This may affect code which assumed the return value was mutable, which is no
longer the case.
``copy.copy`` and ``copy.deepcopy`` no longer turn ``masked`` into an array
---------------------------------------------------------------------------
Since ``np.ma.masked`` is a readonly scalar, copying should be a no-op. These
functions now behave consistently with ``np.copy()``.
Multifield Indexing of Structured Arrays will still return a copy
-----------------------------------------------------------------
The change that multi-field indexing of structured arrays returns a view
instead of a copy is pushed back to 1.16. A new method
``numpy.lib.recfunctions.repack_fields`` has been introduced to help mitigate
the effects of this change, which can be used to write code compatible with
both numpy 1.15 and 1.16. For more information on how to update code to account
for this future change see the "accessing multiple fields" section of the
`user guide <https://docs.scipy.org/doc/numpy/user/basics.rec.html>`__.
C API changes
=============
New function ``NpyIter_Close``
------------------------------
The function ``NpyIter_Close`` has been added and should be called before
``NpyIter_Deallocate`` to resolve possible writeback-enabled arrays.
New functions ``npy_get_floatstatus_barrier`` and ``npy_clear_floatstatus_barrier``
-----------------------------------------------------------------------------------
Functions ``npy_get_floatstatus_barrier`` and ``npy_clear_floatstatus_barrier``
have been added and should be used in place of the ``npy_get_floatstatus``and
``npy_clear_status`` functions. Optimizing compilers like GCC 8.1 and Clang
were rearranging the order of operations when the previous functions were used
in the ufunc SIMD functions, resulting in the floatstatus flags being checked
before the operation whose status we wanted to check was run. See `10339
<https://github.com/numpy/numpy/issues/10370>`__.

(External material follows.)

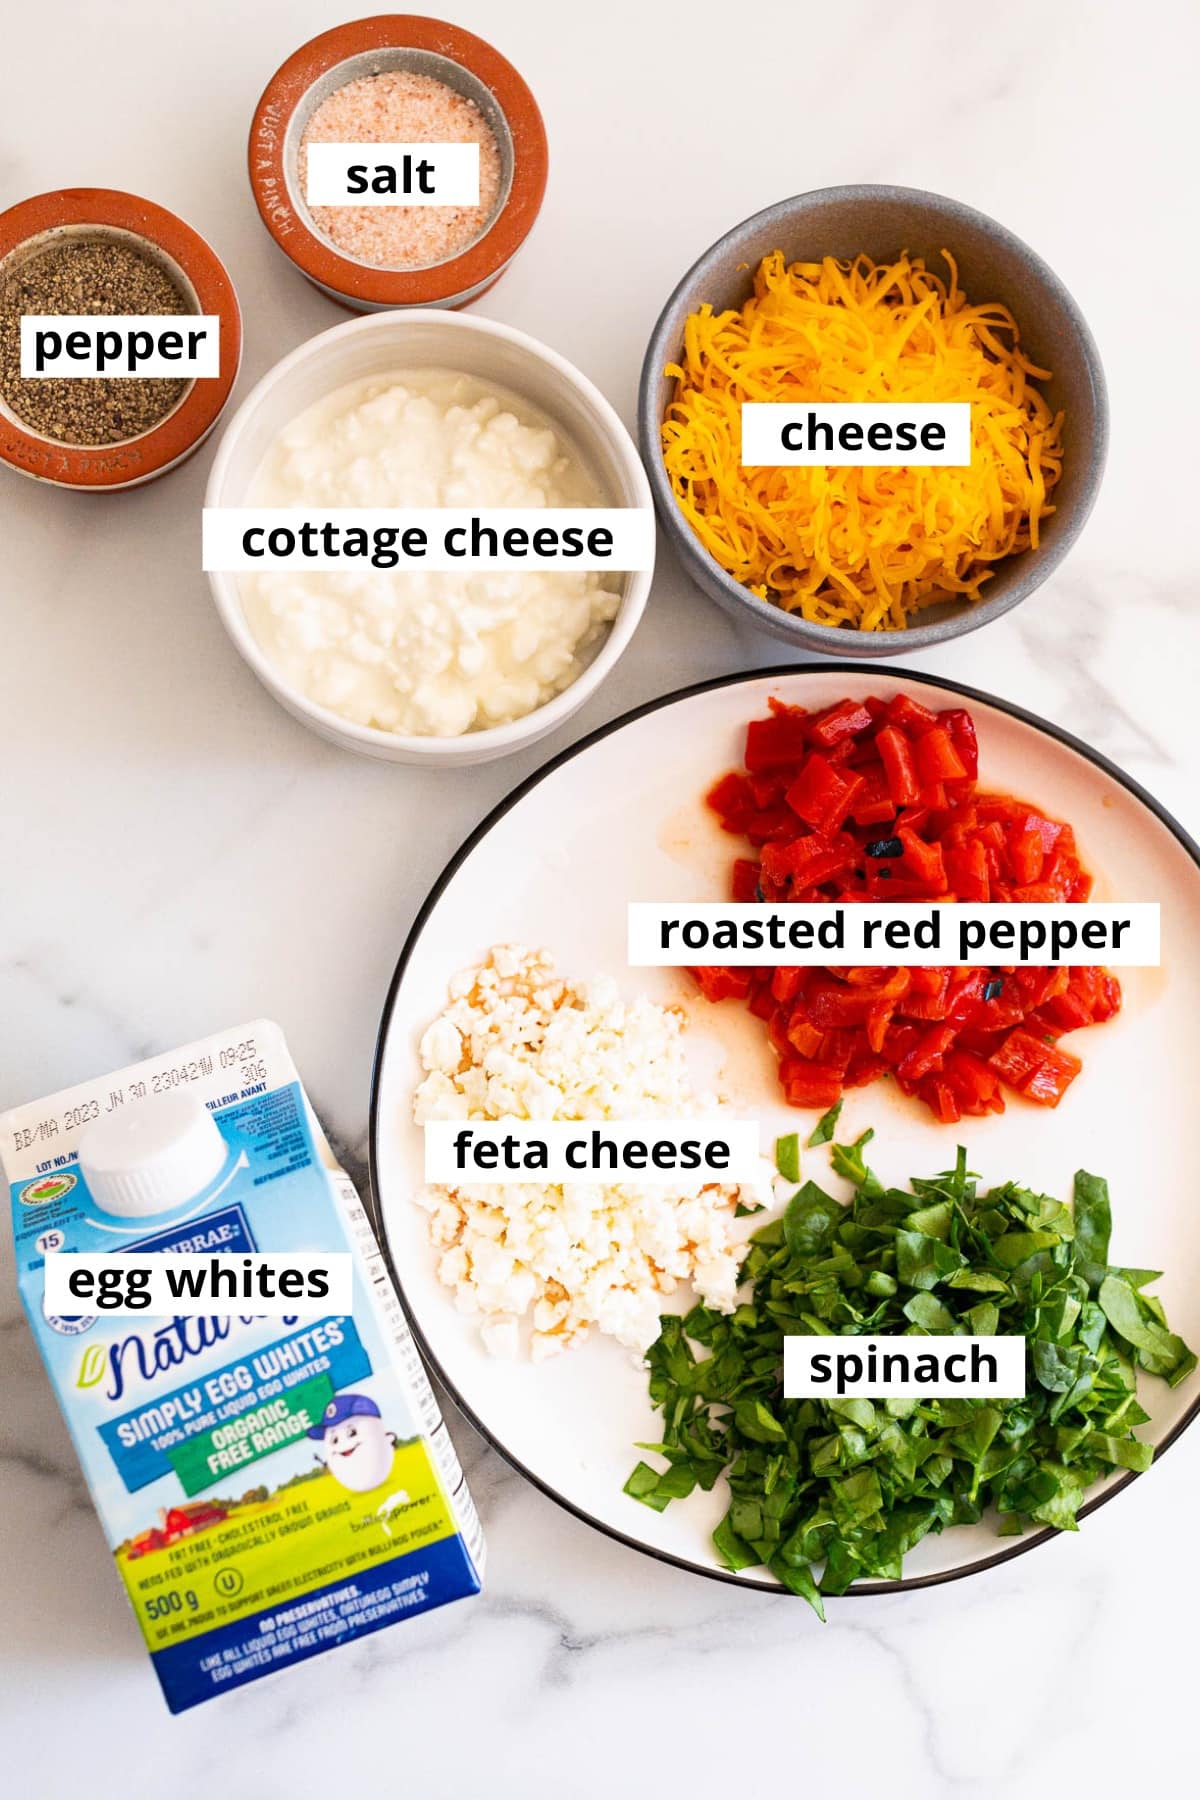 Cottage cheese, cheddar cheese, salt, pepper, roasted red pepper, feta cheese, spinach and egg whites.

Changes to ``PyArray_GetDTypeTransferFunction``
-----------------------------------------------
``PyArray_GetDTypeTransferFunction`` now defaults to using user-defined
``copyswapn`` / ``copyswap`` for user-defined dtypes. If this causes a
significant performance hit, consider implementing ``copyswapn`` to reflect the
implementation of ``PyArray_GetStridedCopyFn``. See `10898
<https://github.com/numpy/numpy/pull/10898>`__.

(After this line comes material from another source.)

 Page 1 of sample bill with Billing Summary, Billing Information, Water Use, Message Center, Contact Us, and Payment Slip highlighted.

* Functions ``npy_get_floatstatus_barrier`` and ``npy_clear_floatstatus_barrier``
have been added and should be used in place of the ``npy_get_floatstatus``and
``npy_clear_status`` functions. Optimizing compilers like GCC 8.1 and Clang
were rearranging the order of operations when the previous functions were
used in the ufunc SIMD functions, resulting in the floatstatus flags being '
checked before the operation whose status we wanted to check was run.
See `10339 <https://github.com/numpy/numpy/issues/10370>`__.
New Features
============
``np.gcd`` and ``np.lcm`` ufuncs added for integer and objects types
--------------------------------------------------------------------
These compute the greatest common divisor, and lowest common multiple,
respectively. These work on all the numpy integer types, as well as the
builtin arbitrary-precision ``Decimal`` and ``long`` types.
Support for cross-platform builds for iOS
-----------------------------------------
The build system has been modified to add support for the
``_PYTHON_HOST_PLATFORM`` environment variable, used by ``distutils`` when
compiling on one platform for another platform. This makes it possible to
compile NumPy for iOS targets.
This only enables you to compile NumPy for one specific platform at a time.
Creating a full iOS-compatible NumPy package requires building for the 5
architectures supported by iOS (i386, x86_64, armv7, armv7s and arm64), and
combining these 5 compiled builds products into a single "fat" binary.
``return_indices`` keyword added for ``np.intersect1d``
-------------------------------------------------------
New keyword ``return_indices`` returns the indices of the two input arrays
that correspond to the common elements.
``np.quantile`` and ``np.nanquantile``
--------------------------------------
Like ``np.percentile`` and ``np.nanpercentile``, but takes quantiles in [0, 1]
rather than percentiles in [0, 100]. ``np.percentile`` is now a thin wrapper
around ``np.quantile`` with the extra step of dividing by 100.
Build system
------------
Added experimental support for the 64-bit RISC-V architecture.
Improvements
============
``np.ufunc.reduce`` and related functions now accept an initial value
---------------------------------------------------------------------
``np.ufunc.reduce``, ``np.sum``, ``np.prod``, ``np.min`` and ``np.max`` all
now accept an ``initial`` keyword argument that specifies the value to start
the reduction with.
``np.flip`` can operate over multiple axes
------------------------------------------
``np.flip`` now accepts None, or tuples of int, in its ``axis`` argument. If
axis is None, it will flip over all the axes.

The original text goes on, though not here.